Very good post. The negative stigma attached to antidepressants and, to a lesser extent, therapy is very unfortunate. Many people continue to suffer when very good treatment is just a doctor visit away.

krimson
05-30-2005, 02:44 PM
I've taken about 50+ hits of e over the past 5 years. Trust me this is not a cure for depression.

After doing it the first time I was pretty much like you, as well as my friends, wondering why this isn't used to make the world happy.

After taking a couple of doses the full on effects start wearing off. Before you know it, you will need to take 2 pills rather than 1, which turns into 3 and 4. Now adays even taking 4 pills in one night isn't much of a kick in the face.
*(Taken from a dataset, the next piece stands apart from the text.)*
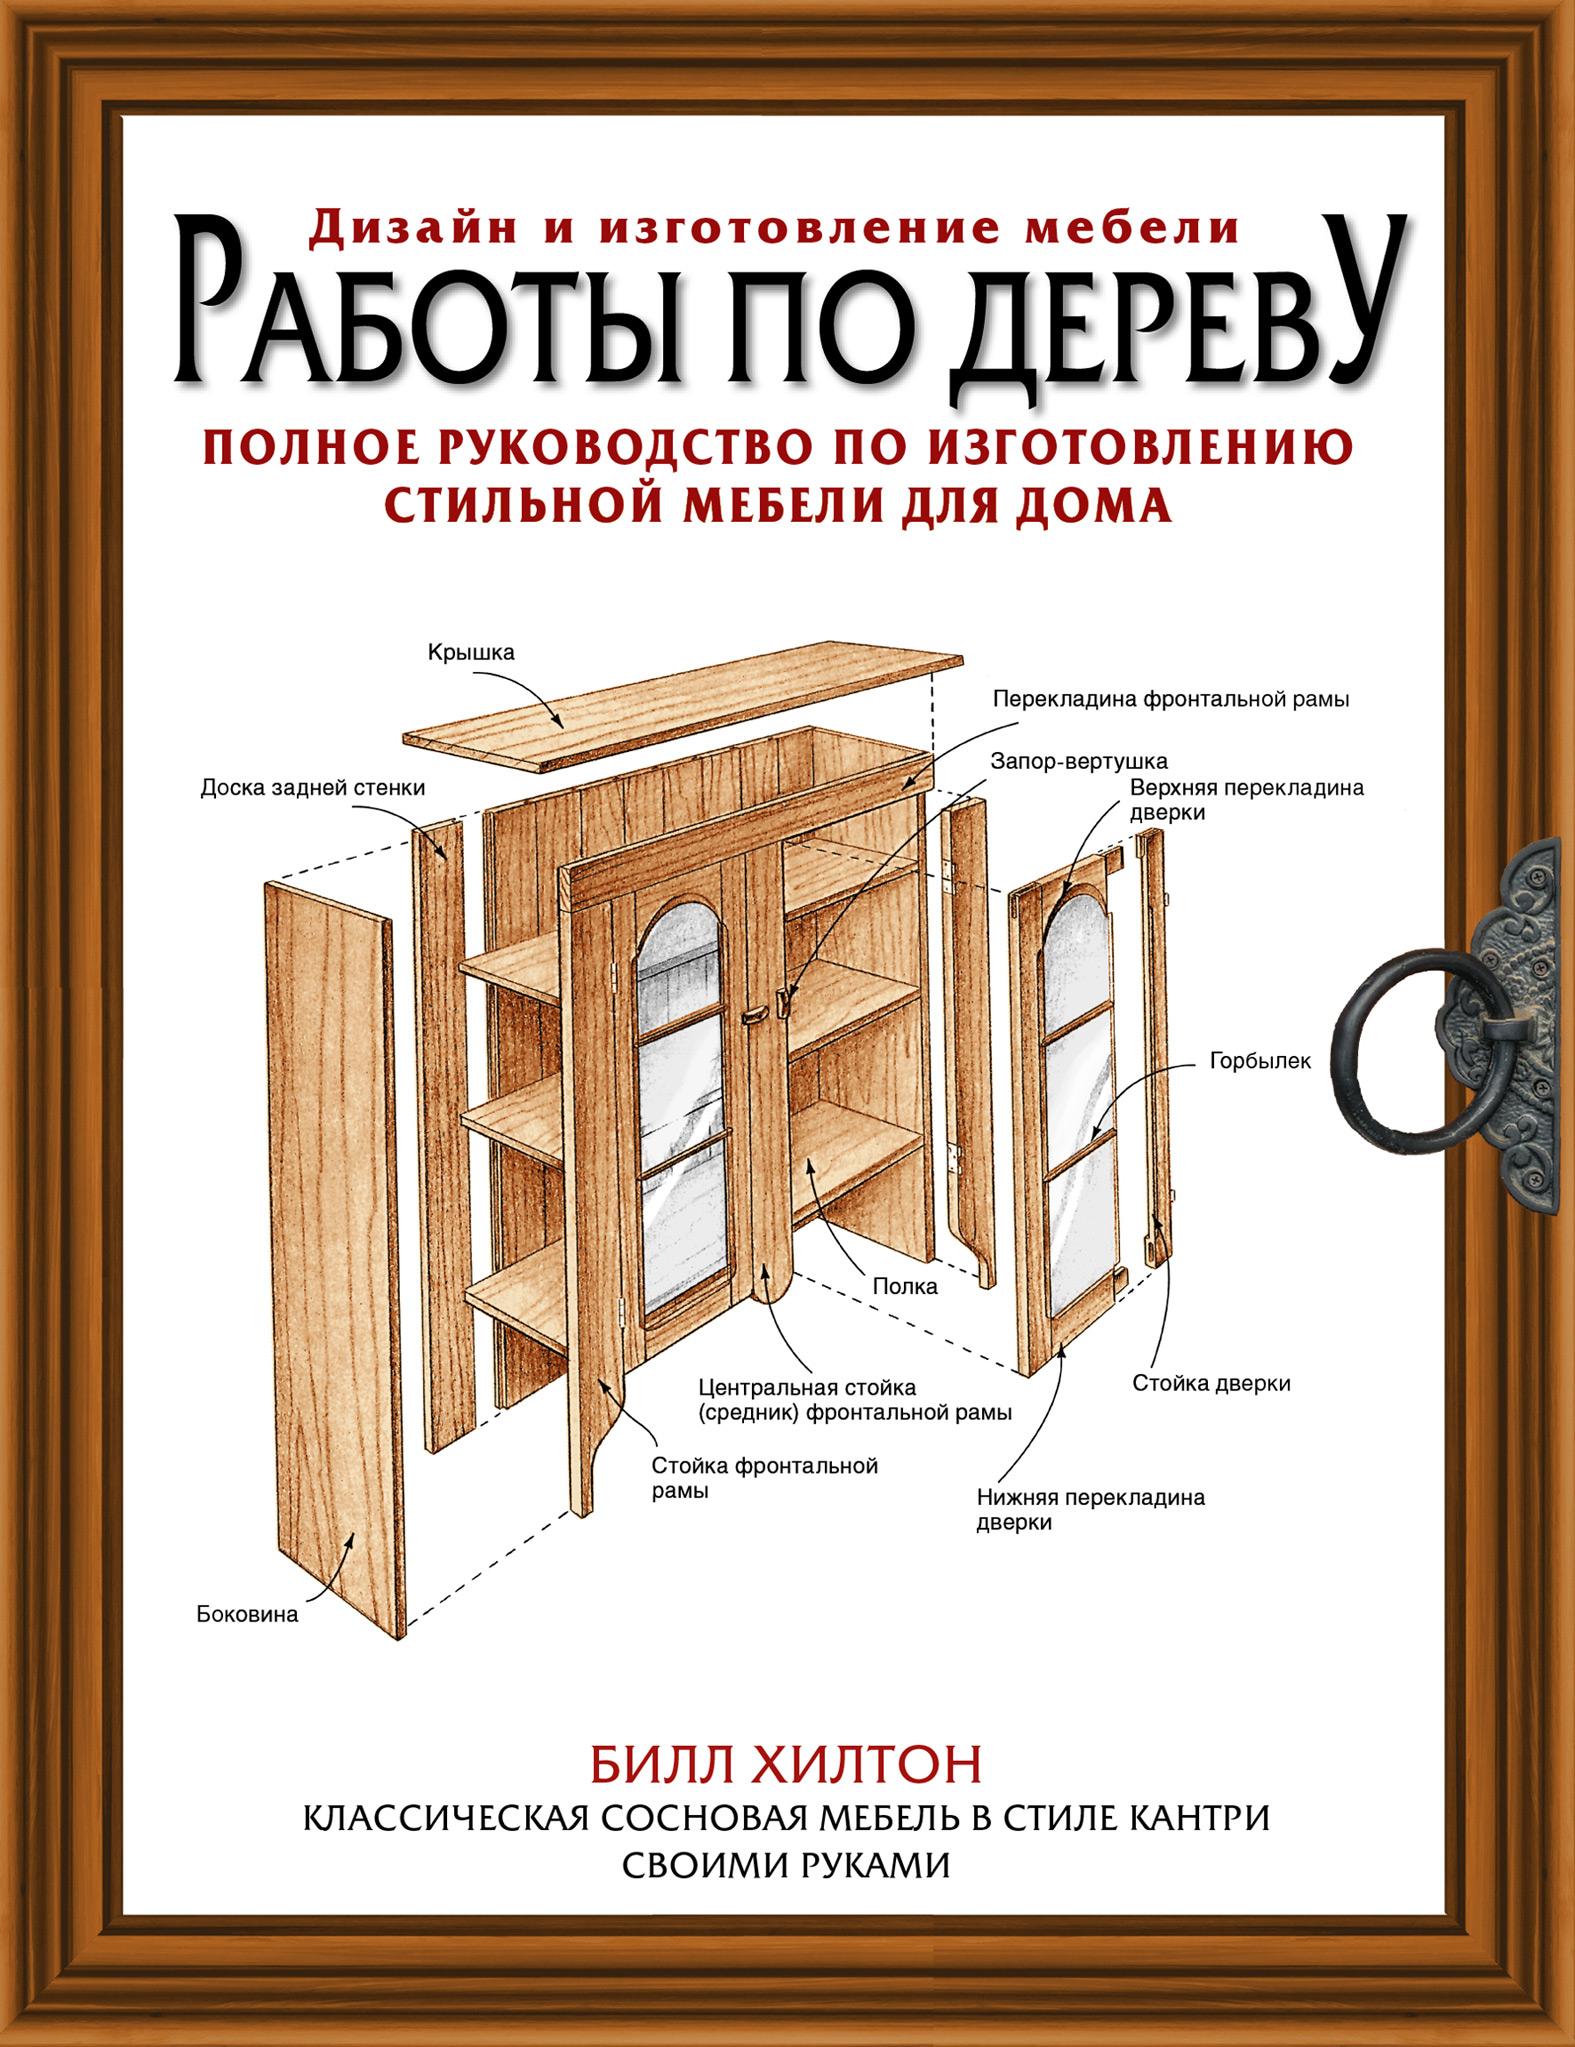 Билл Хилтон Работы по дереву. Полное руководство по изготовлению стильной мебели хилтон билл работы по дереву полное руководство по изготовлению стильной мебели для дома isbn 978 5 17 097572 3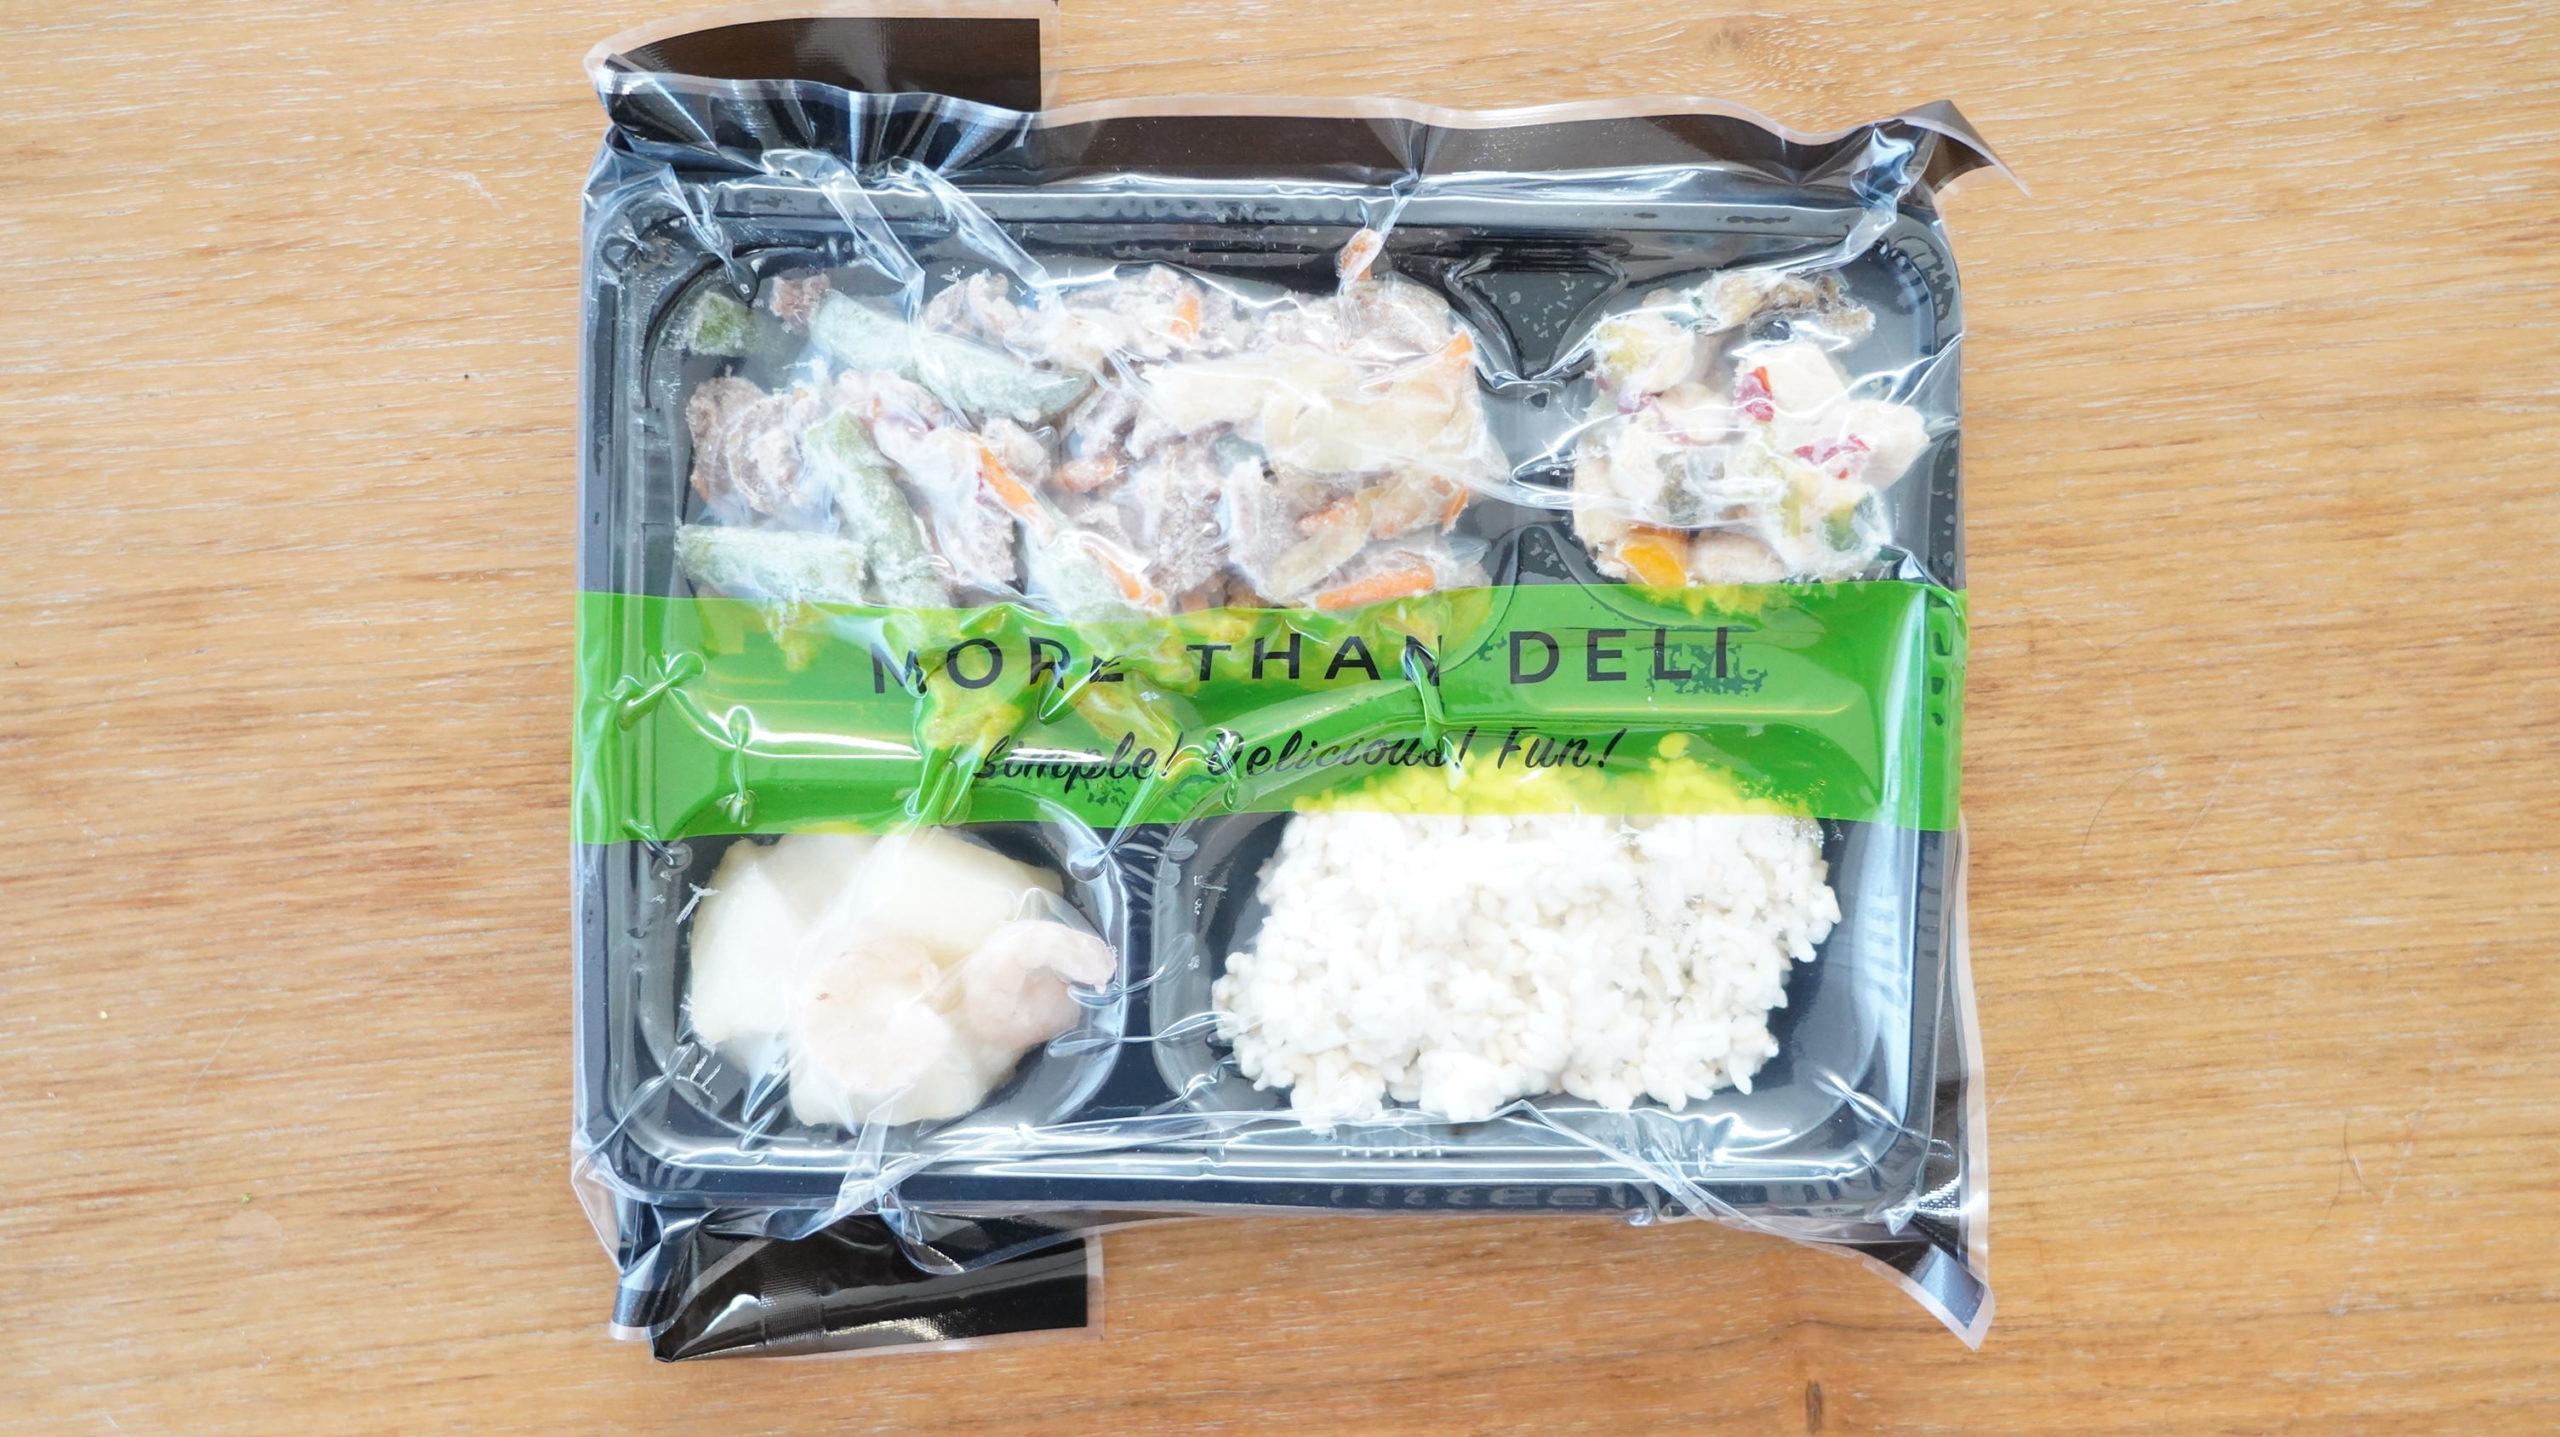 More than Deli(モアザンデリ)の冷凍弁当「鶏肉と野菜の黒酢あんかけ」のパッケージ写真

As you increase your dosage, so does the after effects increase. Worse hangovers, longer periods of depression.

These pills are also not pure "ecstasy" (mdma), they are being combined with other not-so-friendly drugs which increase the effects such as PCP and methamphetamines. Meth is one of the worst and most addictive drugs you can do next to Heroin and Crack.

Needless to say, what starts as a magical feeling, turns into drug use. Maybe not out-of-control heroin level drug use, but drug use none the less.

I have had and have a number of friends who are dealing with methamphetamine addiction, and it all started with that wonderful first cap of e.

Be careful, and if you do continue to experiment with drugs, make sure you know as much as possible about what you are taking (www.erowid.org).

scalf
05-30-2005, 02:47 PM
/images/graemlins/blush.gif /images/graemlins/diamond.gif..

you give symptoms of mood changes, substance abuse, meaninglessness of life, contemplating self-mutilation for release of anxiety and/or to give meanibg to life....

you should seek mental health care...

anti-depressants might help some..

x willl kill ya..

good luck

/images/graemlins/confused.gif /images/graemlins/heart.gif /images/graemlins/grin.gif /images/graemlins/heart.gif /images/graemlins/cool.gif

whiskeytown
05-31-2005, 10:08 PM
it has always astounded me how people don't want to try doctor prescribed attempts at slowing/reversing depression, but are more then willing to go the alcohol/illicit drugs route. Esp. considering alcohol/drug addictions tend to go one for life, and antidepressants can usually be dropped after a yr. or two.

Granted, they don't feel as good as booze, and won't make up for things like self confidence, but nevertheless, they're still good to have around.

try a doctor - I know a friend who had to rotate a little while till he found a combination of antidepressants that worked for him, but he's doing a bit better.

I've heard nothing but bad things on X...you shoot your load of seratoain at once and then you're really up crap creek - stay away.

RB

poker-penguin
06-01-2005, 01:57 AM
Again, thanks for the replies people.

I've had the dreaded talk, and basically chickened out of going on pills. I know, this is stupid, please don't go through this again.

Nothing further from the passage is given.